I would not emphasize the "millions of combinations" or even the replayability. Most games are lucky to hit the table twice in a lot of today's game groups (especially since we're all playing live-action Pandemic, which puts a crimp in get-togethers) , so the claim that this will "be a feature at your game nights for years to come" is a bit of an eyebrow-raiser.
"Train your crew of Star Travelers as you explore the galaxy, discover new planets, and defeat the alien threat to Earth. " would be a pretty solid lead-off, from which you can segue into the second paragraph that summarizes how to play. After that, I'd hand off to the graphic explanation and let that do the work.

Video 4/5

The video brings out the setting well.

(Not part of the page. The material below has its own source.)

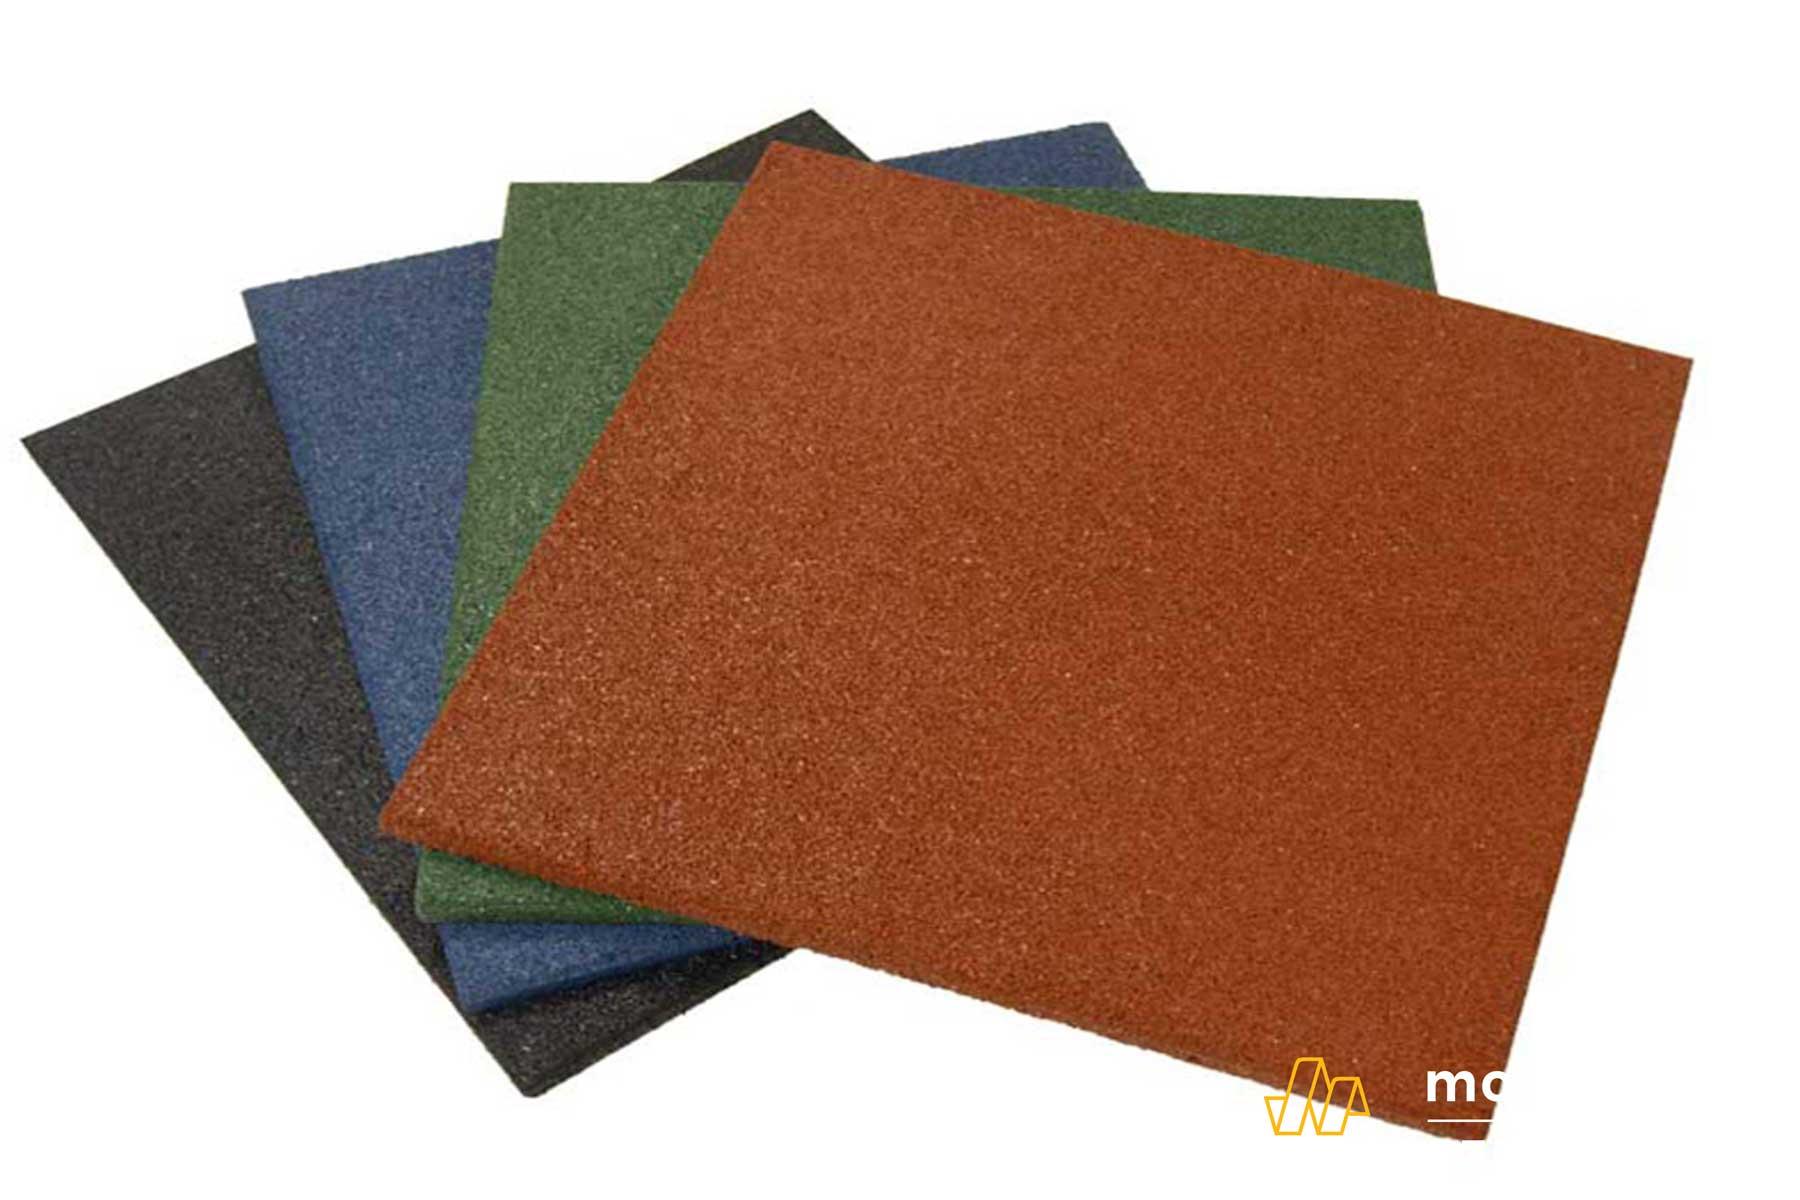 Sàn nhựa cao su cách âm và cách nhiệt tốt hơn rất nhiều sàn nhựa PVC

It's witty and looks a lot higher-budget than it probably is. (It also goes a little too deep into the game details -- we don't need to know *exactly* how a round ends, for instance -- but that's okay.)
I would move the video below the graphic explanation, simply because people are likely make the additional commitment to watching the video once they've gotten a positive impression. Think of each step (short text -> graphic explanation -> video) as stepping up the potential customer's investment in the game, hopefully to the point of hitting the buy button.